**Task directions**
Where the records hold the string "Logo", show the whole line it sits on.

[[ Listed entries, beginning ]]

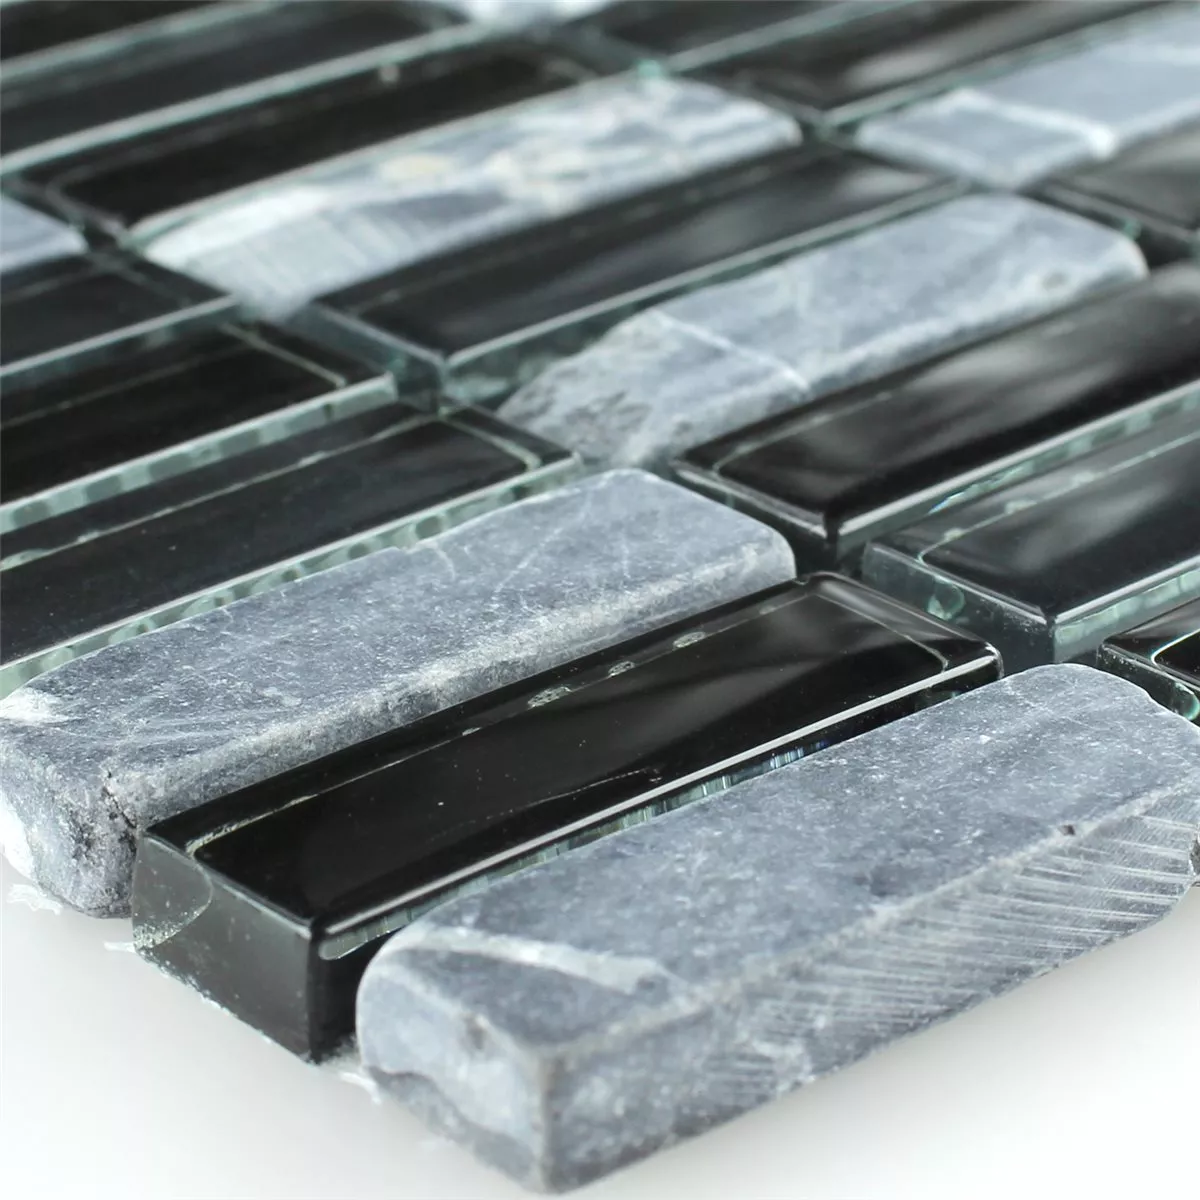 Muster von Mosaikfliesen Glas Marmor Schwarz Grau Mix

[[ Listed entries, end ]]
[[ Listed entries, beginning ]]

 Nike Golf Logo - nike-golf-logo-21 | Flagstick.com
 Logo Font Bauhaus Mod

[[ Listed entries, end ]]
[[ Listed entries, beginning ]]

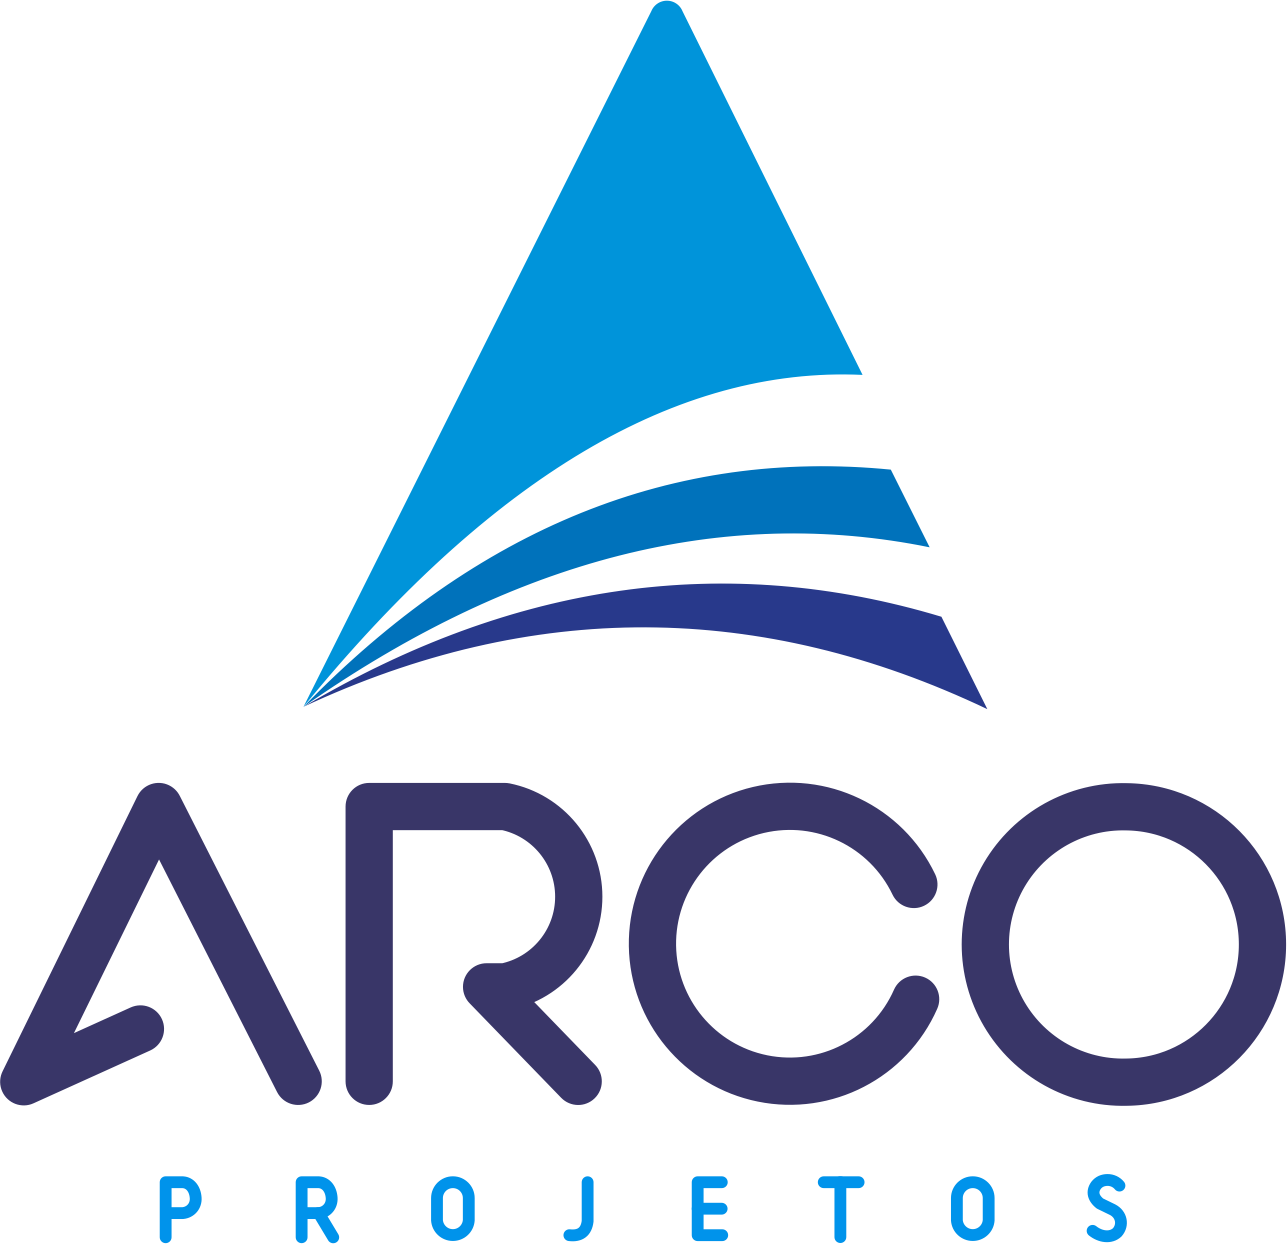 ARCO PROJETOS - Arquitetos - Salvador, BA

[[ Listed entries, end ]]

**Answer space**
 Nike Golf Logo - nike-golf-logo-21 | Flagstick.com
 Logo Font Bauhaus Mod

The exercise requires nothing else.